How to calculate the Kolmogorov-Smirnov statistic between two weighted samples

Question

Let's say that we have two samples data1 and data2 with their respective weights weight1 and weight2 and that we want to calculate the Kolmogorov-Smirnov statistic between the two weighted samples.

The way we do that in python follows:

import numpy as np

def ks_w(data1,data2,wei1,wei2):
    ix1=np.argsort(data1)
    ix2=np.argsort(data2)
    wei1=wei1[ix1]
    wei2=wei2[ix2]
    data1=data1[ix1]
    data2=data2[ix2]
    d=0.
    fn1=0.
    fn2=0.
    j1=0
    j2=0
    j1w=0.
    j2w=0.
    while(j1<len(data1))&(j2<len(data2)):
        d1=data1[j1]
        d2=data2[j2]
        w1=wei1[j1]
        w2=wei2[j2]
        if d1<=d2:
            j1+=1
            j1w+=w1
            fn1=(j1w)/sum(wei1)
        if d2<=d1:
            j2+=1
            j2w+=w2
            fn2=(j2w)/sum(wei2)
        if abs(fn2-fn1)>d:
            d=abs(fn2-fn1)
    return d

where we just modify to our purpose the classical two-sample KS statistic as implemented in Press, Flannery, Teukolsky, Vetterling - Numerical Recipes in C - Cambridge University Press - 1992 - pag.626.

Our questions are:

is anybody aware of any other way to do it?
is there any library in python/R/* that performs it?
what about the test? Does it exist or should we use a reshuffling procedure in order to evaluate the statistic?

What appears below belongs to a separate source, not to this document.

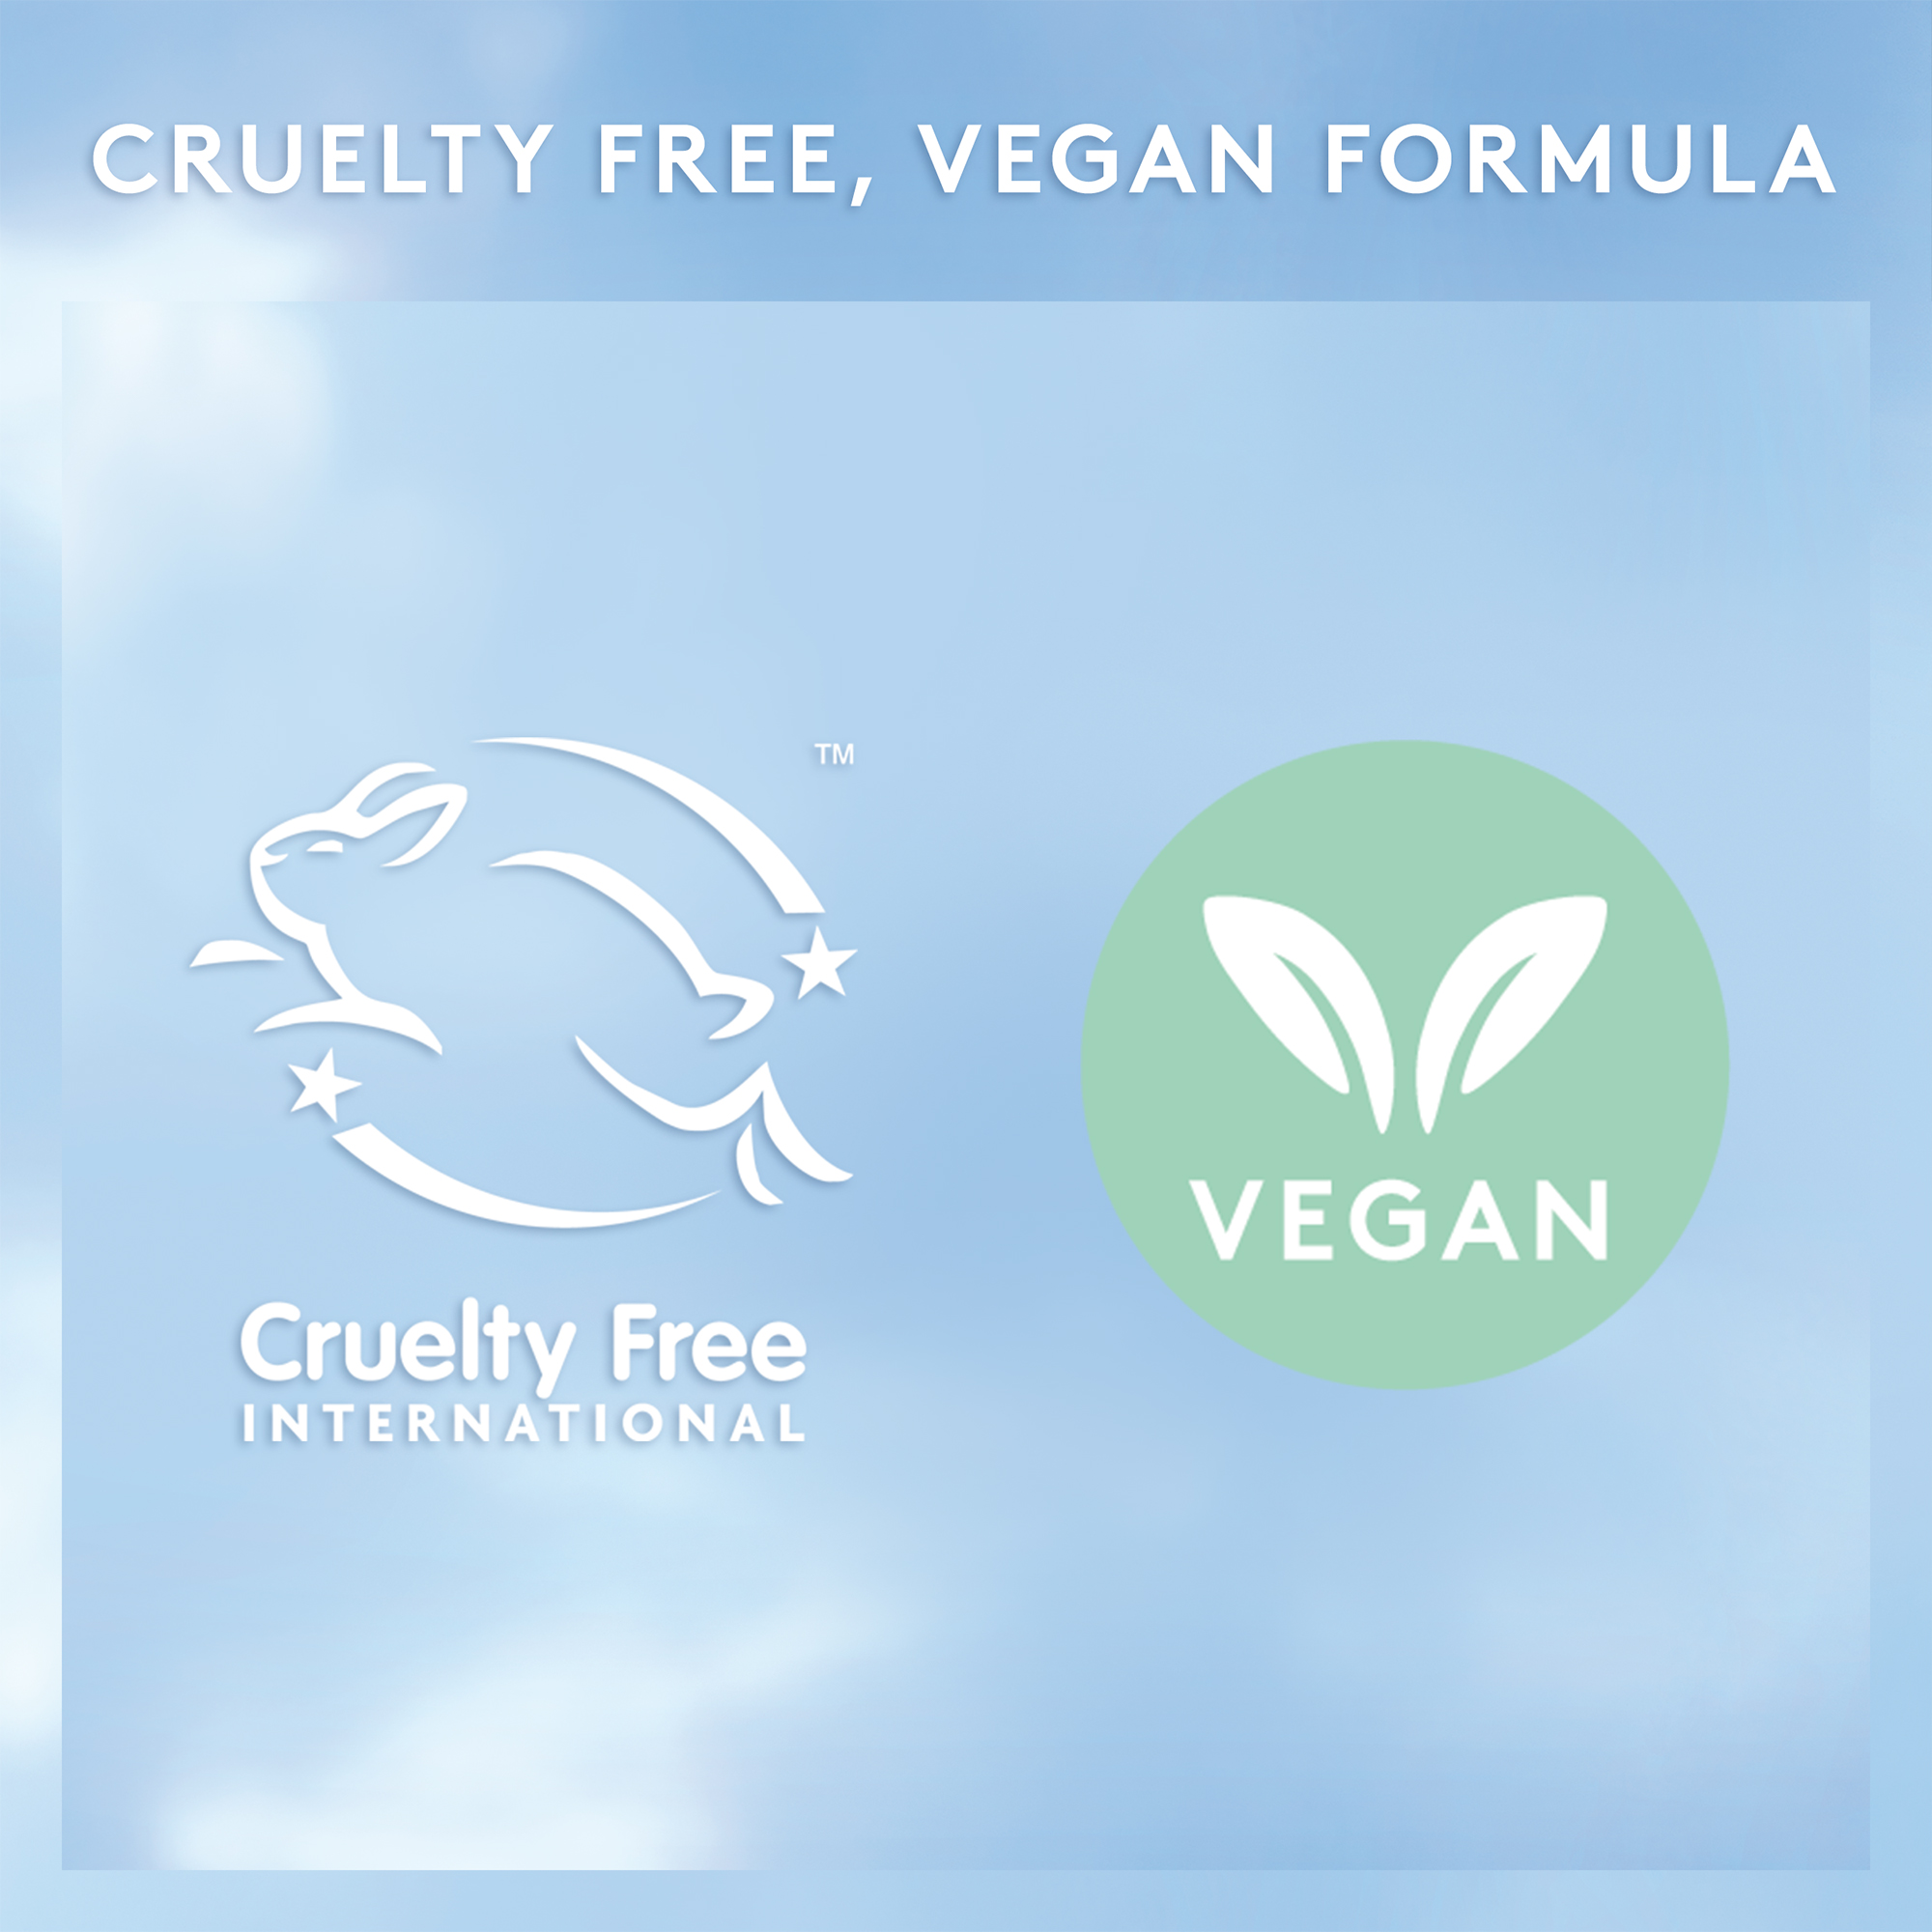 Cruelty free vegan formula

Luca Jokull · Accepted Answer

This solution is based on the code for scipy.stats.ks_2samp and runs in about 1/10000 the time (notebook):

import numpy as np

def ks_w2(data1, data2, wei1, wei2):
    ix1 = np.argsort(data1)
    ix2 = np.argsort(data2)
    data1 = data1[ix1]
    data2 = data2[ix2]
    wei1 = wei1[ix1]
    wei2 = wei2[ix2]
    data = np.concatenate([data1, data2])
    cwei1 = np.hstack([0, np.cumsum(wei1)/sum(wei1)])
    cwei2 = np.hstack([0, np.cumsum(wei2)/sum(wei2)])
    cdf1we = cwei1[[np.searchsorted(data1, data, side='right')]]
    cdf2we = cwei2[[np.searchsorted(data2, data, side='right')]]
    return np.max(np.abs(cdf1we - cdf2we))

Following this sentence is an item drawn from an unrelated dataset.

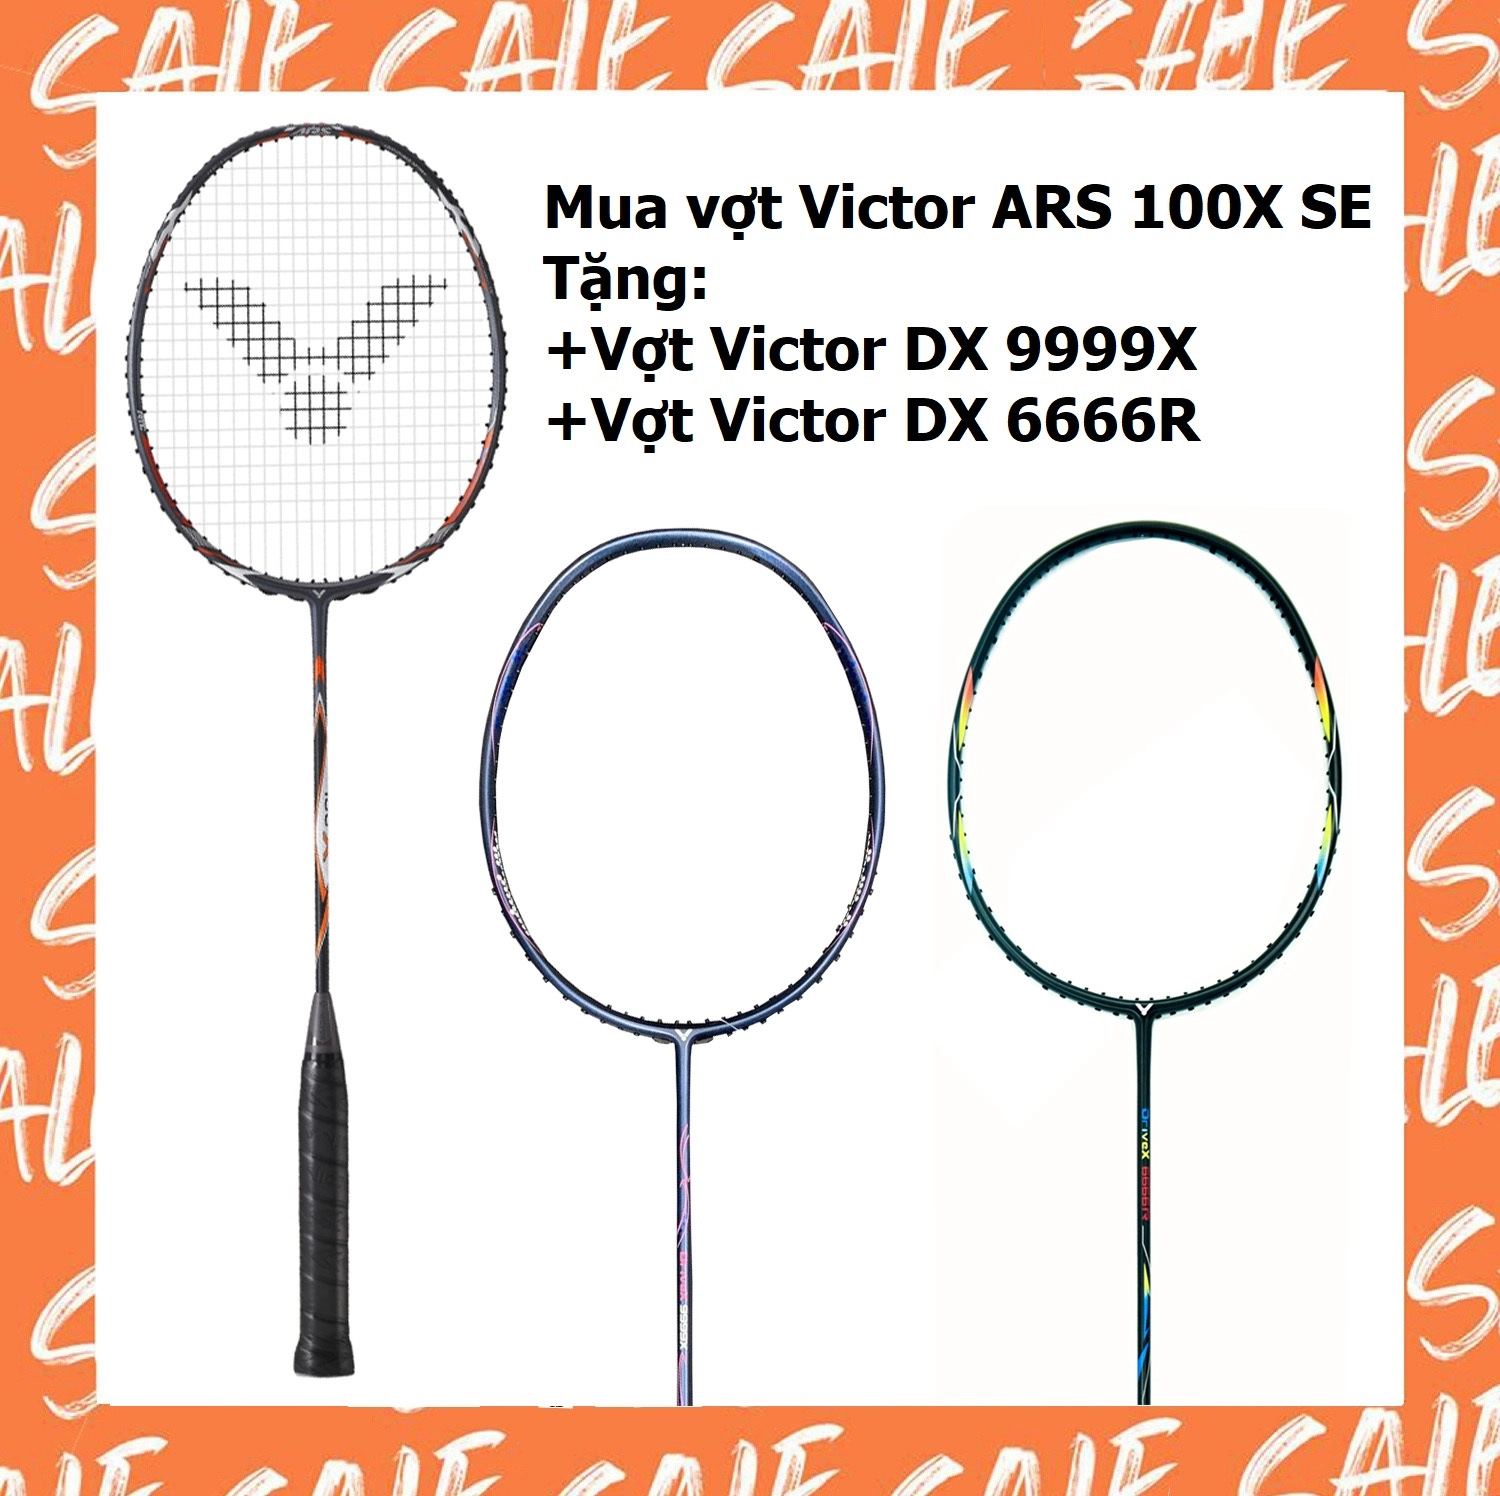 Mua vợt Victor ARS 100X SE tặng vợt Victor Drive X 9999   DX-6666R

Here's a test of its accuracy and performance:

ds1 = np.random.rand(10000)
ds2 = np.random.randn(40000) + .2
we1 = np.random.rand(10000) + 1.
we2 = np.random.rand(40000) + 1.

ks_w2(ds1, ds2, we1, we2)
# 0.4210415232236593
ks_w(ds1, ds2, we1, we2)
# 0.4210415232236593

%timeit ks_w2(ds1, ds2, we1, we2)
# 100 loops, best of 3: 17.1 ms per loop
%timeit ks_w(ds1, ds2, we1, we2)
# 1 loop, best of 3: 3min 44s per loop

Alberto Stefanelli · Answer

This is a R version of a two-tails weighted KS statistic following the suggestion of Numerical Methods of Statistics by Monohan, pg. 334 in 1E and pg. 358 in 2E.

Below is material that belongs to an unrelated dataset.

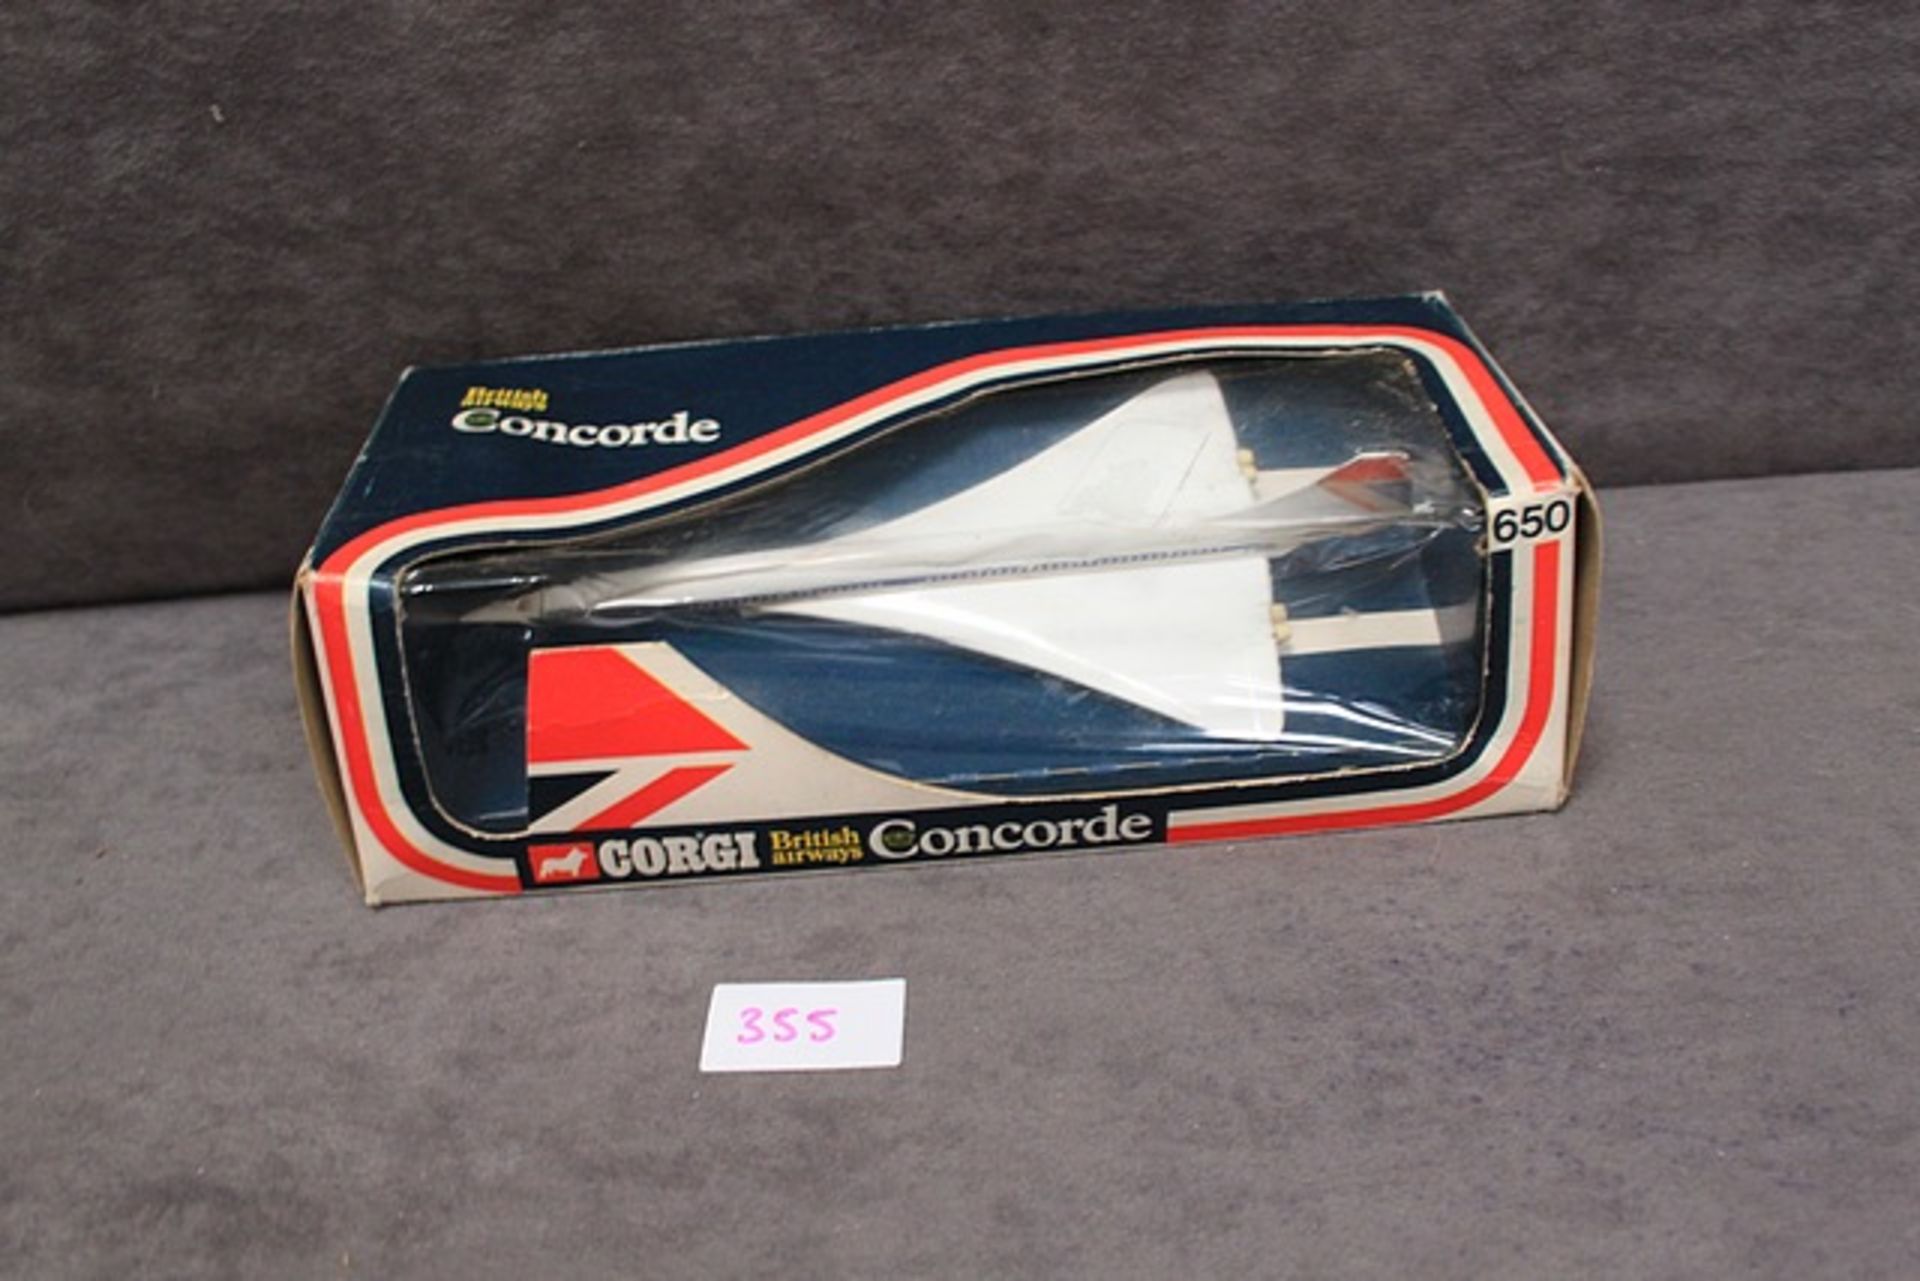 Rarer version Mint Corgi Diecast #650 British Airways Concord in box (GBBDG on tail) with slight box - Image 2 of 2

ks_weighted <- function(vector_1,vector_2,weights_1,weights_2){
    F_vec_1 <- ewcdf(vector_1, weights = weights_1, normalise=FALSE)
    F_vec_2 <- ewcdf(vector_2, weights = weights_2, normalise=FALSE)
    xw <- c(vector_1,vector_2) 
    d <- max(abs(F_vec_1(xw) - F_vec_2(xw)))

    ## P-VALUE with NORMAL SAMPLE 
    # n_vector_1 <- length(vector_1)                                                           
    # n_vector_2<- length(vector_2)        
    # n <- n_vector_1 * n_vector_2/(n_vector_1 + n_vector_2)

    # P-VALUE EFFECTIVE SAMPLE SIZE as suggested by Monahan
    n_vector_1 <- sum(weights_1)^2/sum(weights_1^2)
    n_vector_2 <- sum(weights_2)^2/sum(weights_2^2)
    n <- n_vector_1 * n_vector_2/(n_vector_1 + n_vector_2)


    pkstwo <- function(x, tol = 1e-06) {
                if (is.numeric(x)) 
                    x <- as.double(x)
                else stop("argument 'x' must be numeric")
                p <- rep(0, length(x))
                p[is.na(x)] <- NA
                IND <- which(!is.na(x) & (x > 0))
                if (length(IND)) 
                    p[IND] <- .Call(stats:::C_pKS2, p = x[IND], tol)
                p
            }

    pval <- 1 - pkstwo(sqrt(n) * d)

    out <- c(KS_Stat=d, P_value=pval)
    return(out)
}

Tim Williams · Answer

To add to Luca Jokull's answer, if you want to also return a p-value (similar to the unweighted scipy.stats.ks_2samp function), the suggested ks_w2() function can be modified as follows:

from scipy.stats import distributions

def ks_weighted(data1, data2, wei1, wei2, alternative='two-sided'):
    ix1 = np.argsort(data1)
    ix2 = np.argsort(data2)
    data1 = data1[ix1]
    data2 = data2[ix2]
    wei1 = wei1[ix1]
    wei2 = wei2[ix2]
    data = np.concatenate([data1, data2])
    cwei1 = np.hstack([0, np.cumsum(wei1)/sum(wei1)])
    cwei2 = np.hstack([0, np.cumsum(wei2)/sum(wei2)])
    cdf1we = cwei1[np.searchsorted(data1, data, side='right')]
    cdf2we = cwei2[np.searchsorted(data2, data, side='right')]
    d = np.max(np.abs(cdf1we - cdf2we))
    # calculate p-value
    n1 = data1.shape[0]
    n2 = data2.shape[0]
    m, n = sorted([float(n1), float(n2)], reverse=True)
    en = m * n / (m + n)
    if alternative == 'two-sided':
        prob = distributions.kstwo.sf(d, np.round(en))
    else:
        z = np.sqrt(en) * d
        # Use Hodges' suggested approximation Eqn 5.3
        # Requires m to be the larger of (n1, n2)
        expt = -2 * z**2 - 2 * z * (m + 2*n)/np.sqrt(m*n*(m+n))/3.0
        prob = np.exp(expt)
    return d, prob

This is the asymptotic method that scipy's original unweighted function uses.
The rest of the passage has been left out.